C'est justement parce que je suis sur un ordinateur portable que je demande si des utilitaires graphiques existent, et je ne pense pas qu'il faille creer ce fichier de configuration puisqu'il est censé contenir deja pas mal de choses ... non ?

UB|k : 

Tu as complétement raison, j'ai pas fait attention mon interface est wlan0 et pas eth0 !

Ceci dit la commande   wpa_supplicant_wlan0="-Dwnext"   ne repond rien, donc je ne sai spas si c'est bon.

Et ensuite pour ce fichier de configuration qui n'existe pas, je fait quoi ?

----------

## Leander256

Pour ce qui est des interfaces graphiques, tu devrais essayer wicd. Il y a un daemon ce qui permet d'avoir une connexion indépendante de la session (ce qui n'est pas encore le cas des outils pour KDE/Gnome il me semble) et un client qui se loge dans le systray et permet de tout configurer facilement.

----------

## Gros Rems

C'est exactement ce qu'il me faut pour wicd ! D'apres ce que j'ai entendu c'est une surcouche de wpa_supplicant.

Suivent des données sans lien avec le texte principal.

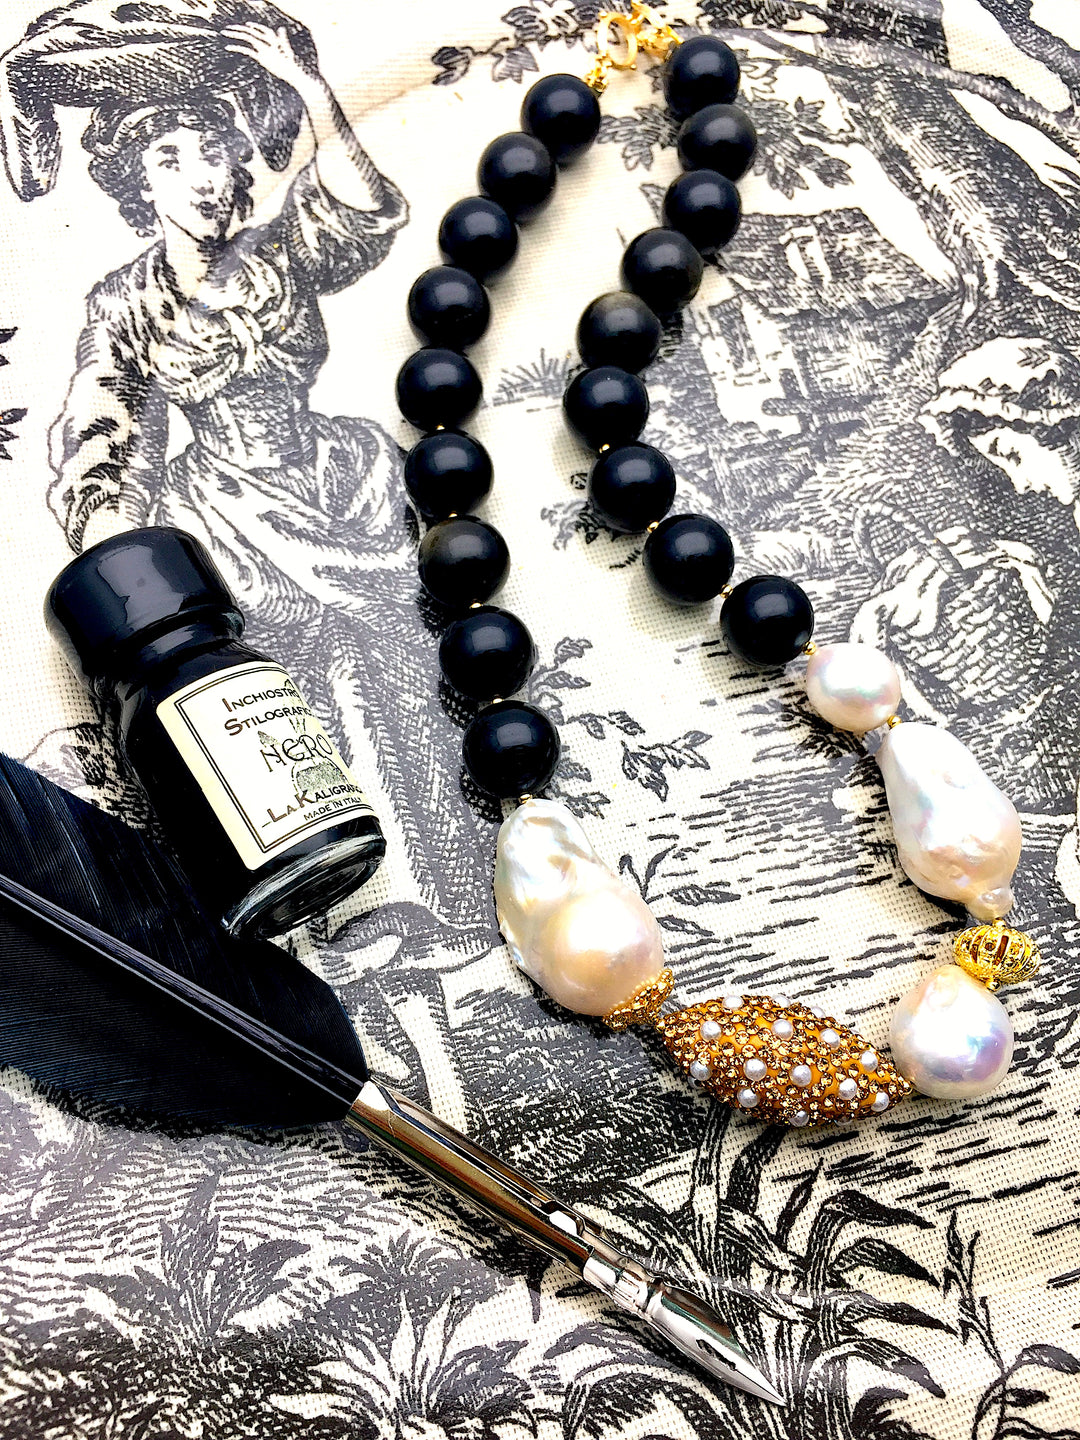 Black Obsidian With Baroque Pearl Gorgeous Necklace CN047 - FARRA
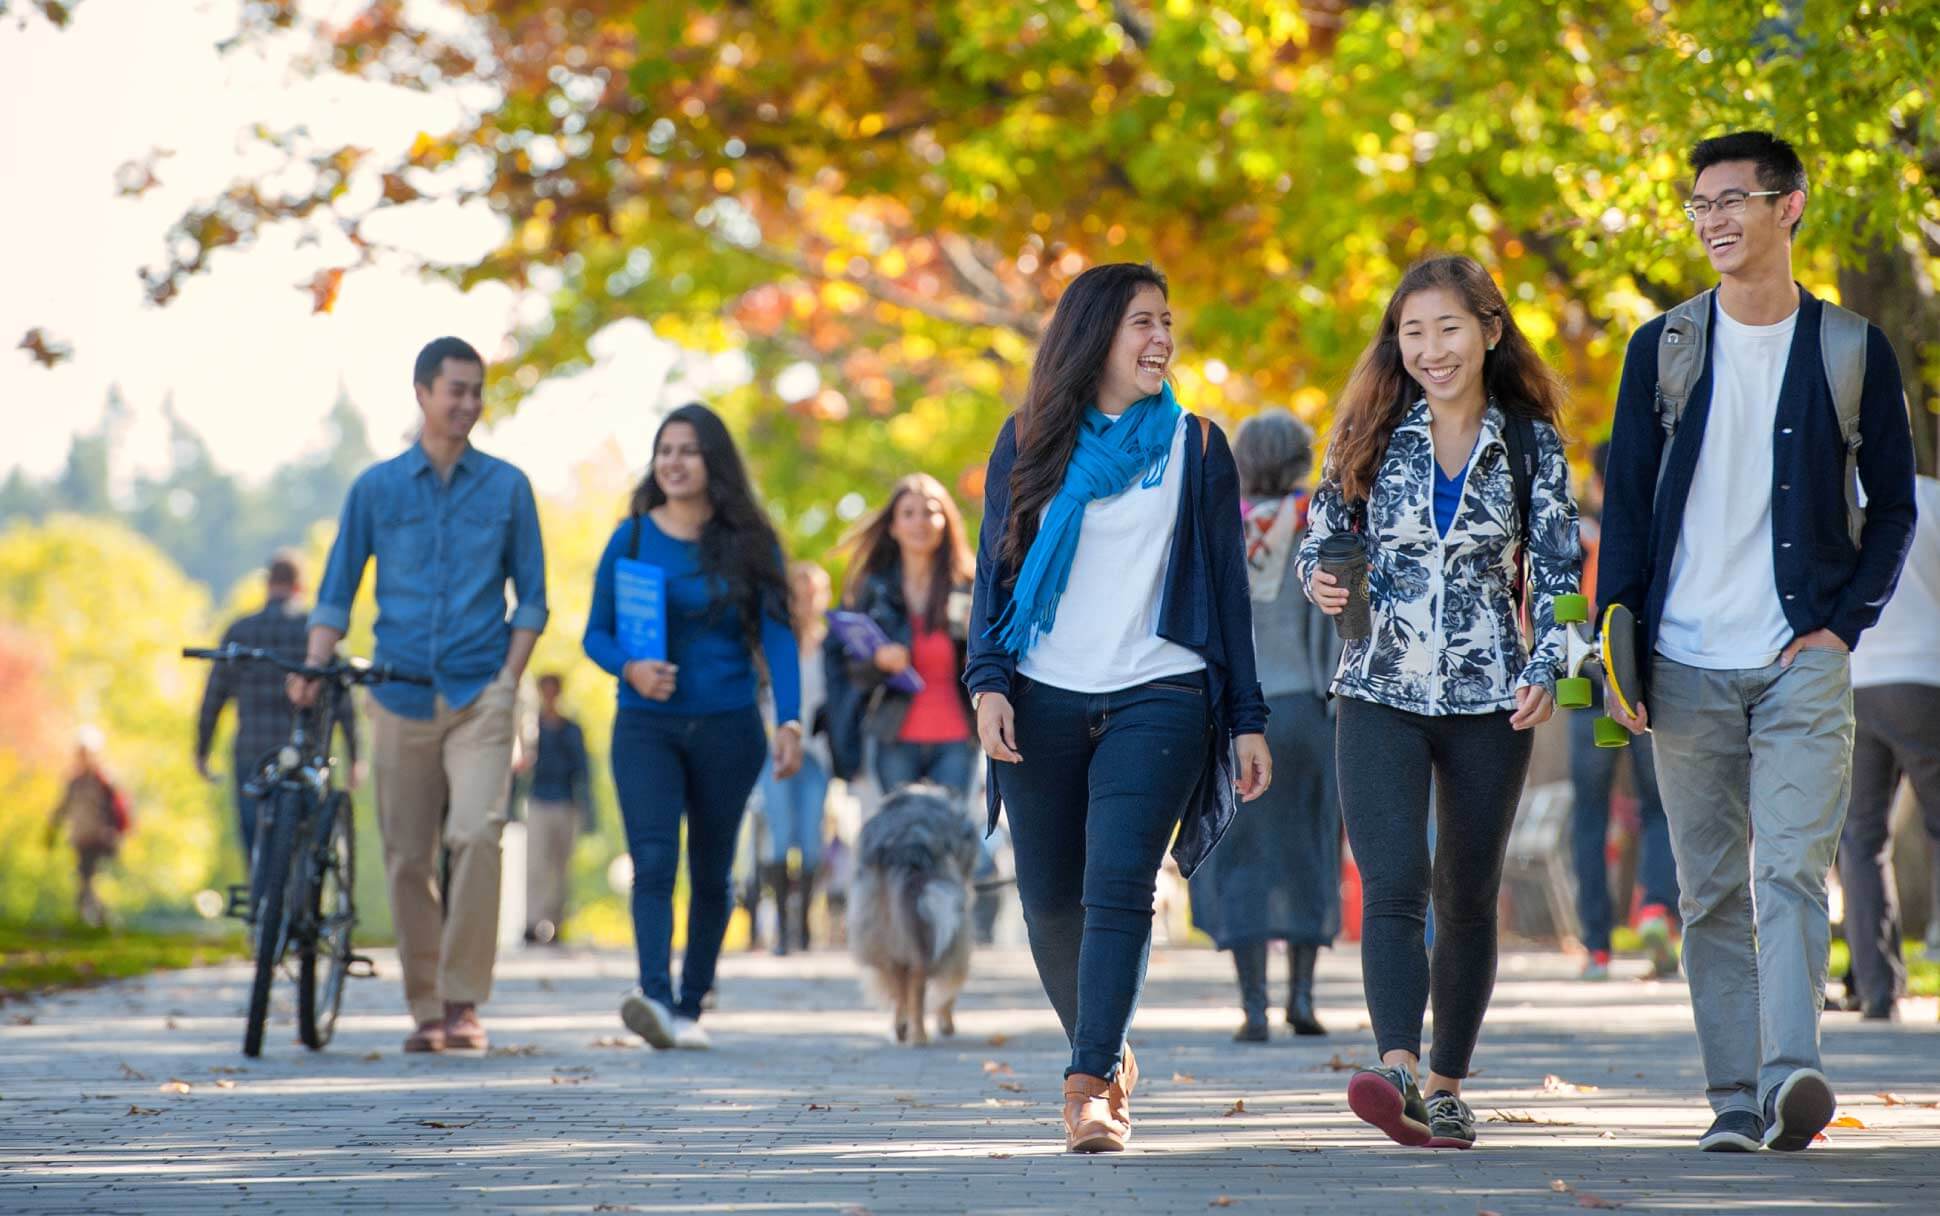 Groups of visitors walk along the paths at the UBC Vancouver campus

Je l'est installé, mais la attention je fait le gros noob : j'arrive pas a le lancer ...

Je suis sur Xfce4, il n'est pas dans mon menu, et lorsque je fait "Run Program ..." et que je tappe "wicd", il ne trouve pas.

----------

## UB|K

 *Gros Rems wrote:*   

> PCeci dit la commande   wpa_supplicant_wlan0="-Dwnext"   ne repond rien, donc je ne sai spas si c'est bon.

 

c'est soit une typo car c'est "-Dwext" soit autre chose ...

 *Gros Rems wrote:*   

> Et ensuite pour ce fichier de configuration qui n'existe pas, je fait quoi ?

 

comme te la dit Pixys, tu le crée avec tes petits doigts en te basant sur fichier exemple (/etc/wpa_supplicant/wpa_supplicant.conf.example), faut débroussailler un peu...

plus d'infos dans la doc

----------

## Pixys

 *Gros Rems wrote:*   

> 
> 
> [...] je ne pense pas qu'il faille creer ce fichier de configuration puisqu'il est censé contenir deja pas mal de choses ... non ?
> 
> 

 

non.

Il faut créer le fichier /etc/wpa_supplicant/wpa_supplicant.conf

Commence par lire, copier et adapter /etc/wpa_supplicant/wpa_supplicant.conf.example comme le dit UB|K

----------